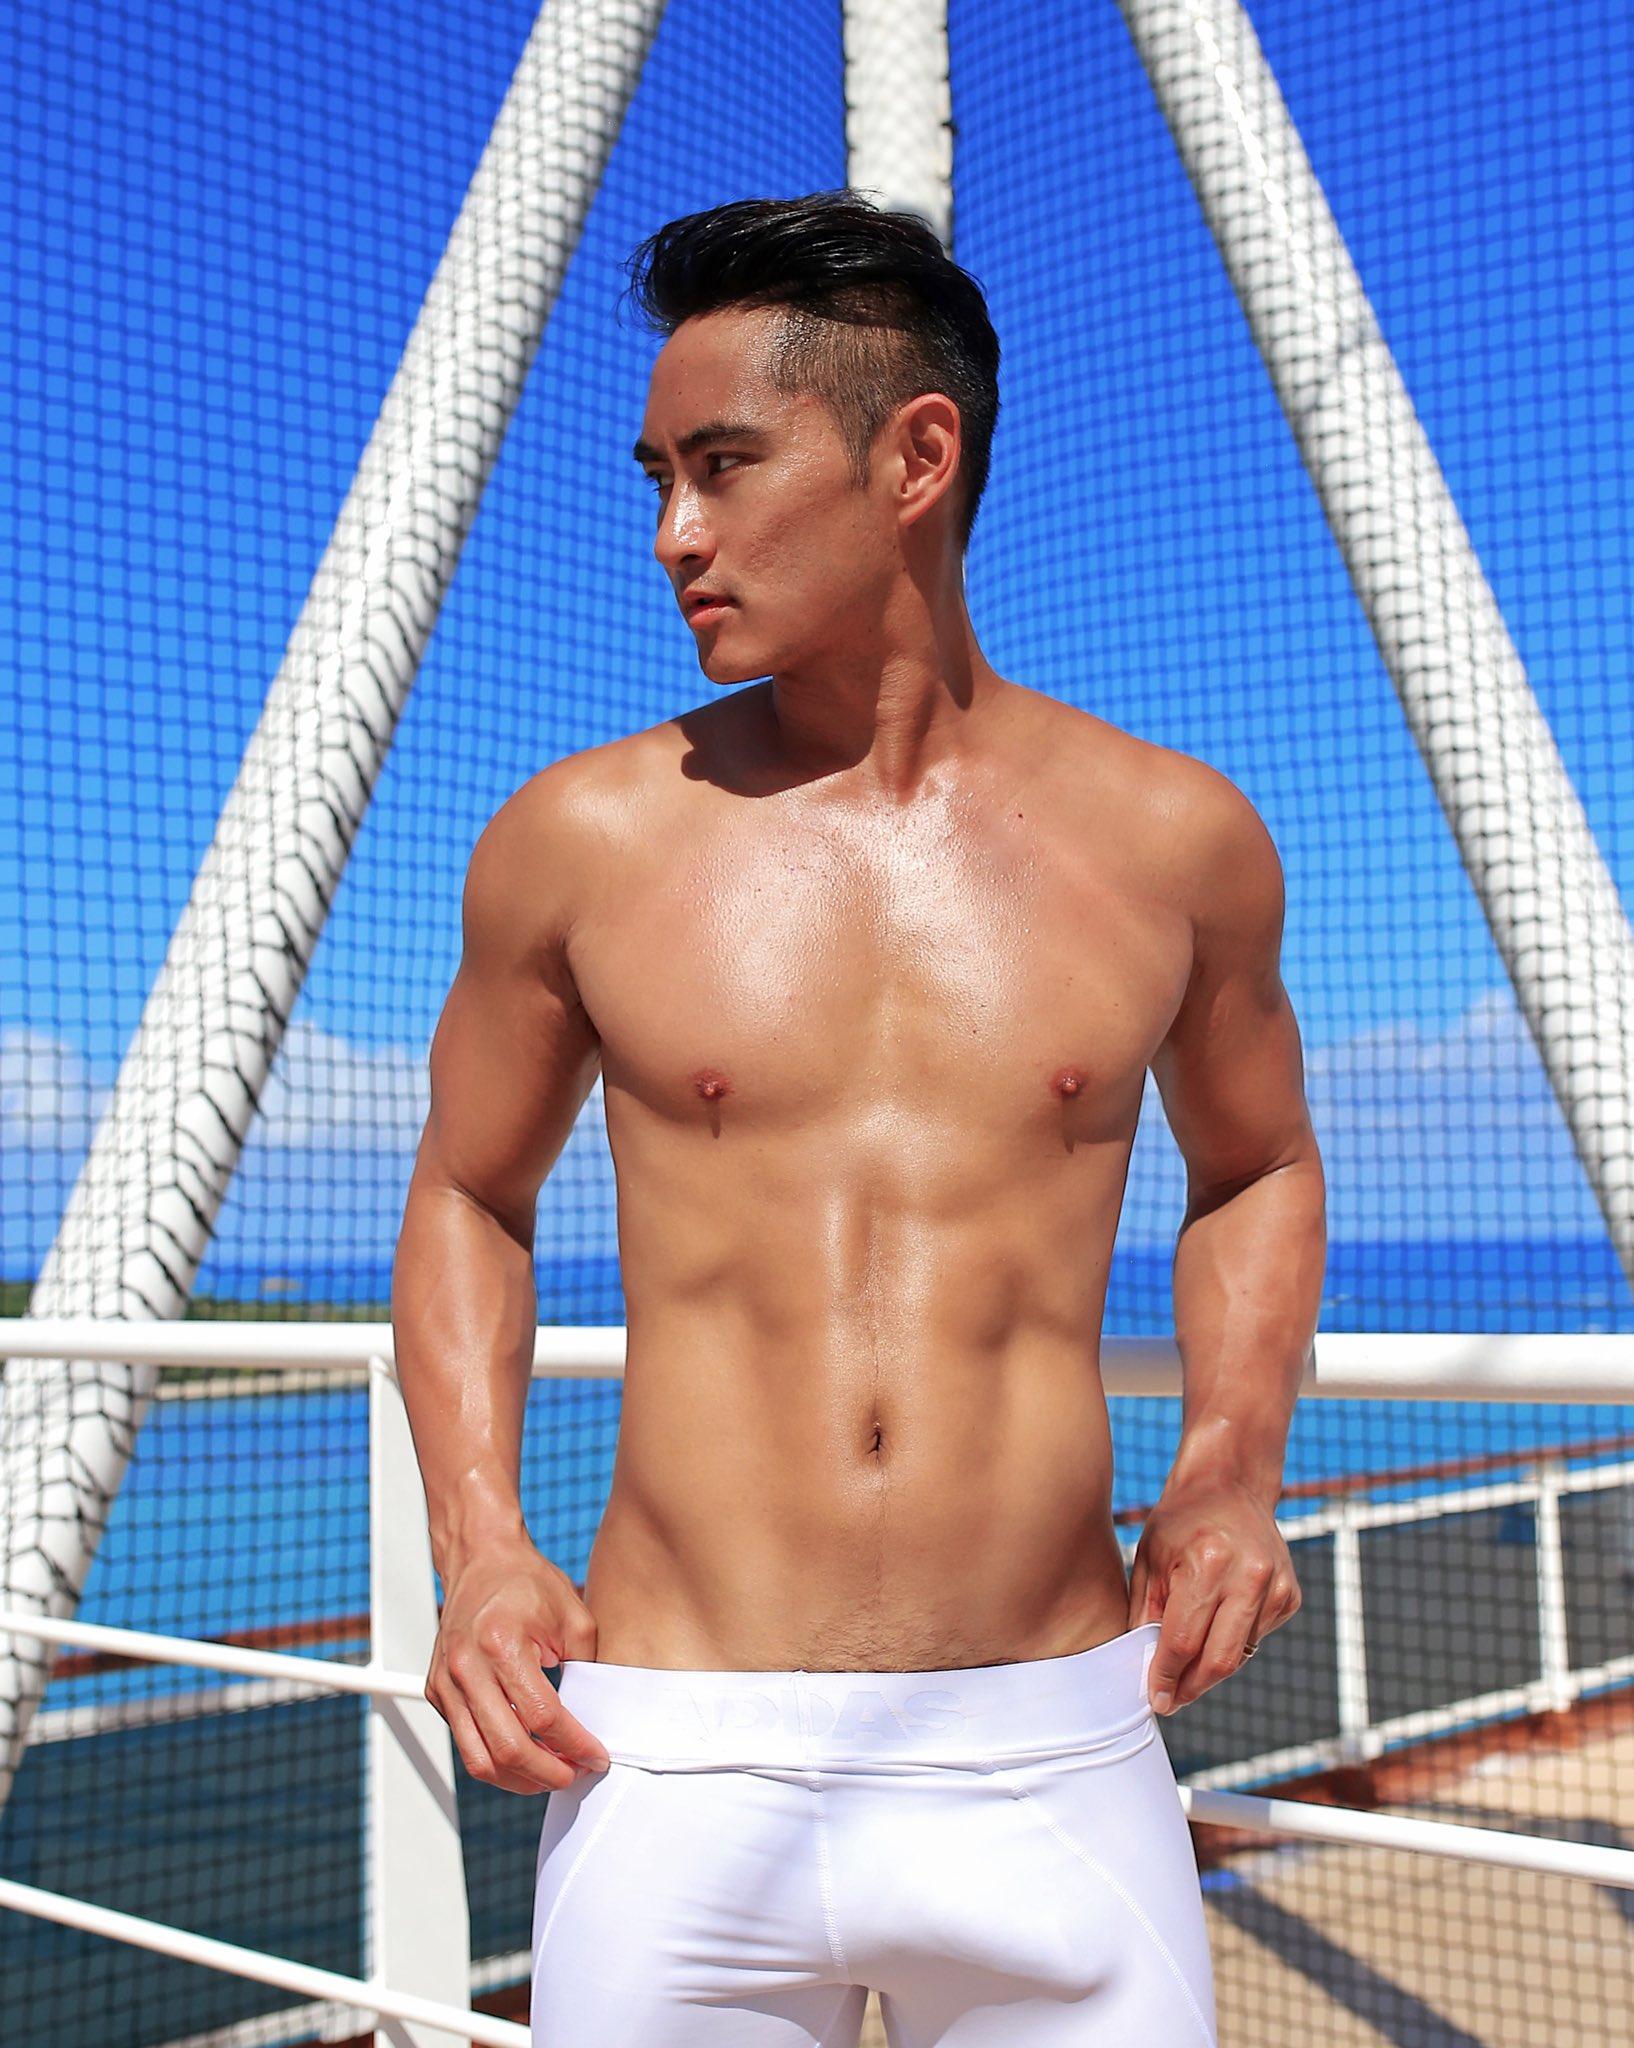 2011 - 2012 | Manhunt - Mister International - Mister Universe Model | Hawaii - USA | Rhonee Rojas - Page 35 EOtRLz1U0AA9rNP?format=jpg&name=4096x4096
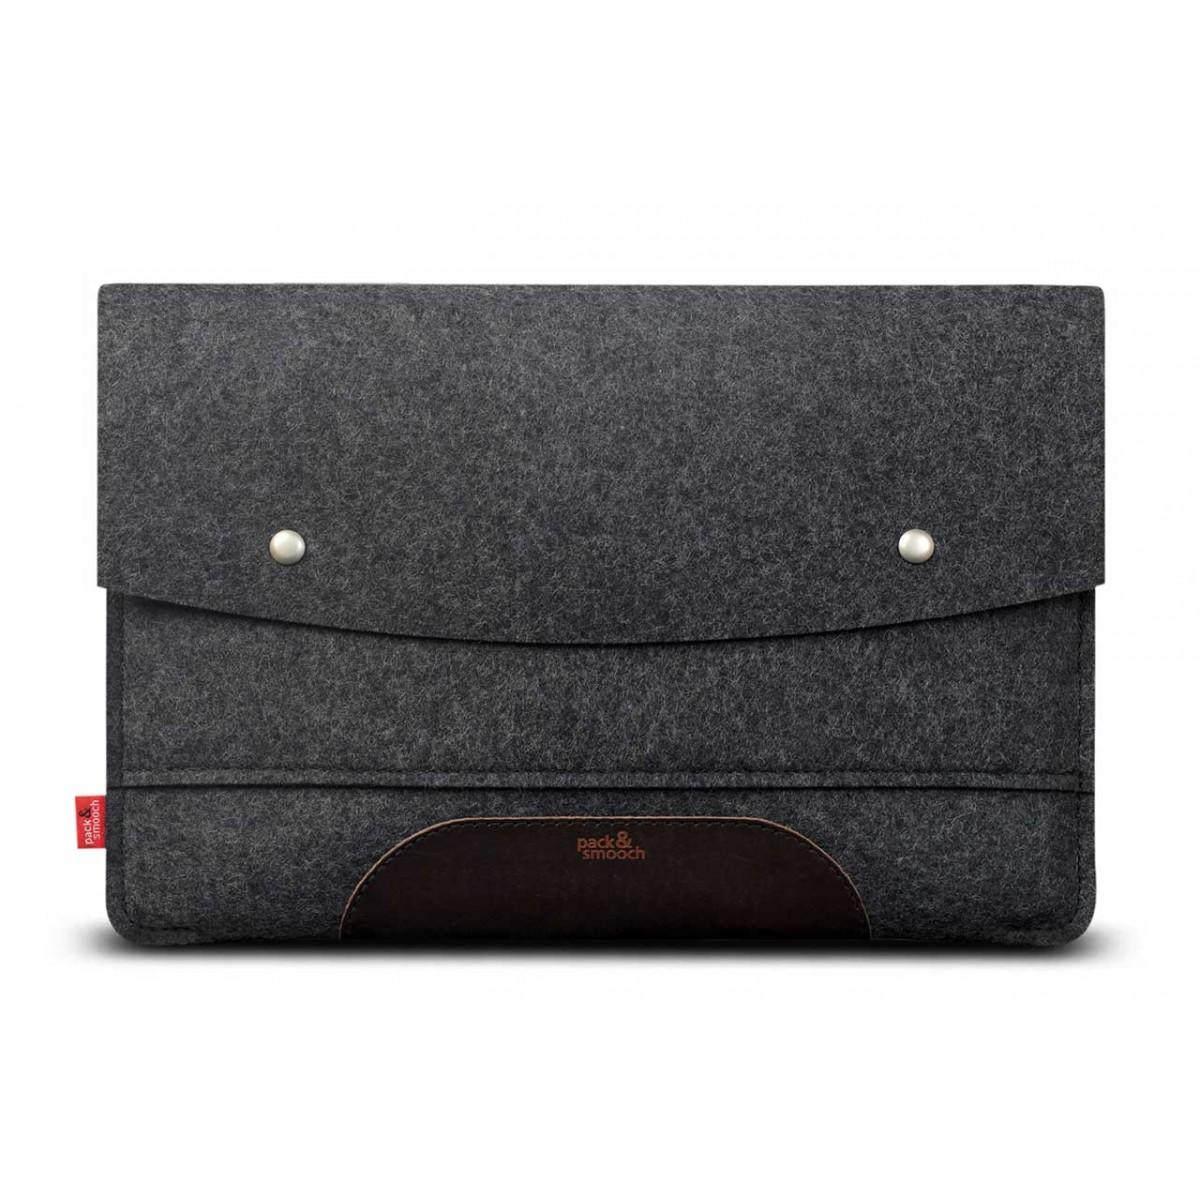 "Pack & Smooch iPad Pro 12.9"" (Vor Okt. 2018) Hülle, Sleeve HAMPSHIRE 100% Merino Wollfilz, Naturleder"
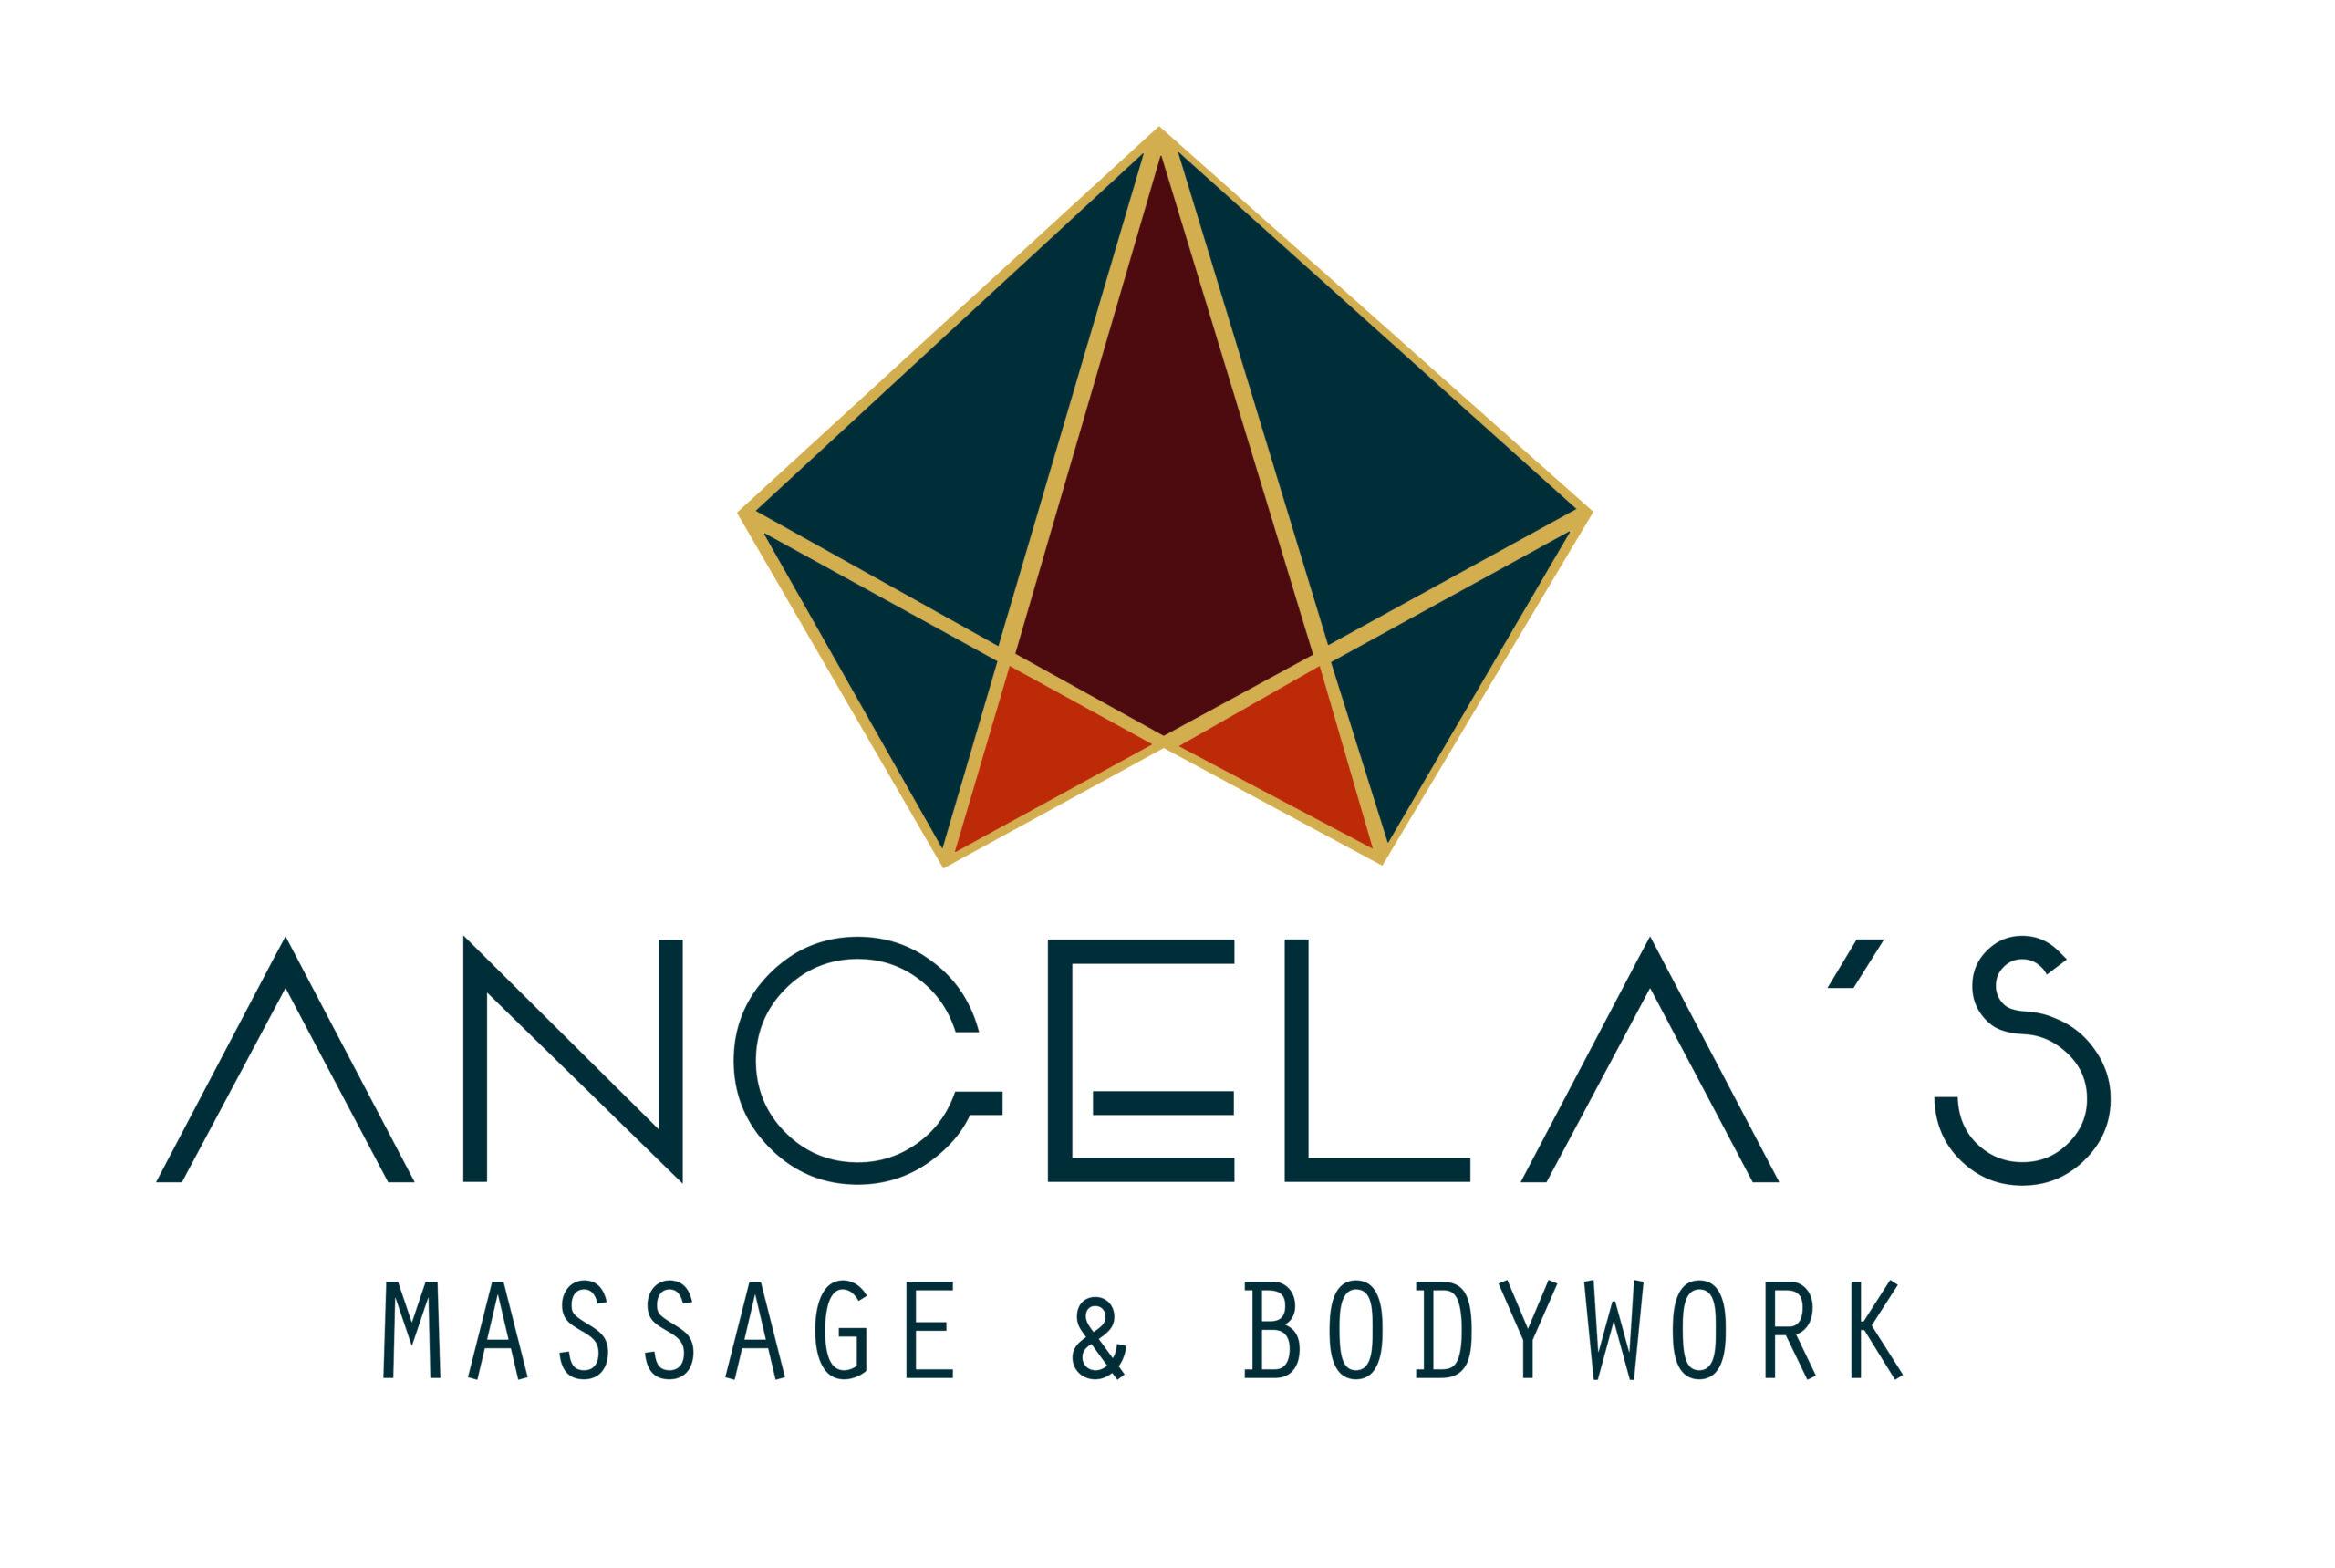 Angela's Massage and Bodywork

▶ _What is being asked_: Write out the whole listing above exactly, minus images.

▶ _Written response_:
 2011 - 2012 | Manhunt - Mister International - Mister Universe Model | Hawaii - USA | Rhonee Rojas - Page 35 EOtRLz1U0AA9rNP?format=jpg&name=4096x4096
 "Pack & Smooch iPad Pro 12.9"" (Vor Okt. 2018) Hülle, Sleeve HAMPSHIRE 100% Merino Wollfilz, Naturleder"
 Angela's Massage and Bodywork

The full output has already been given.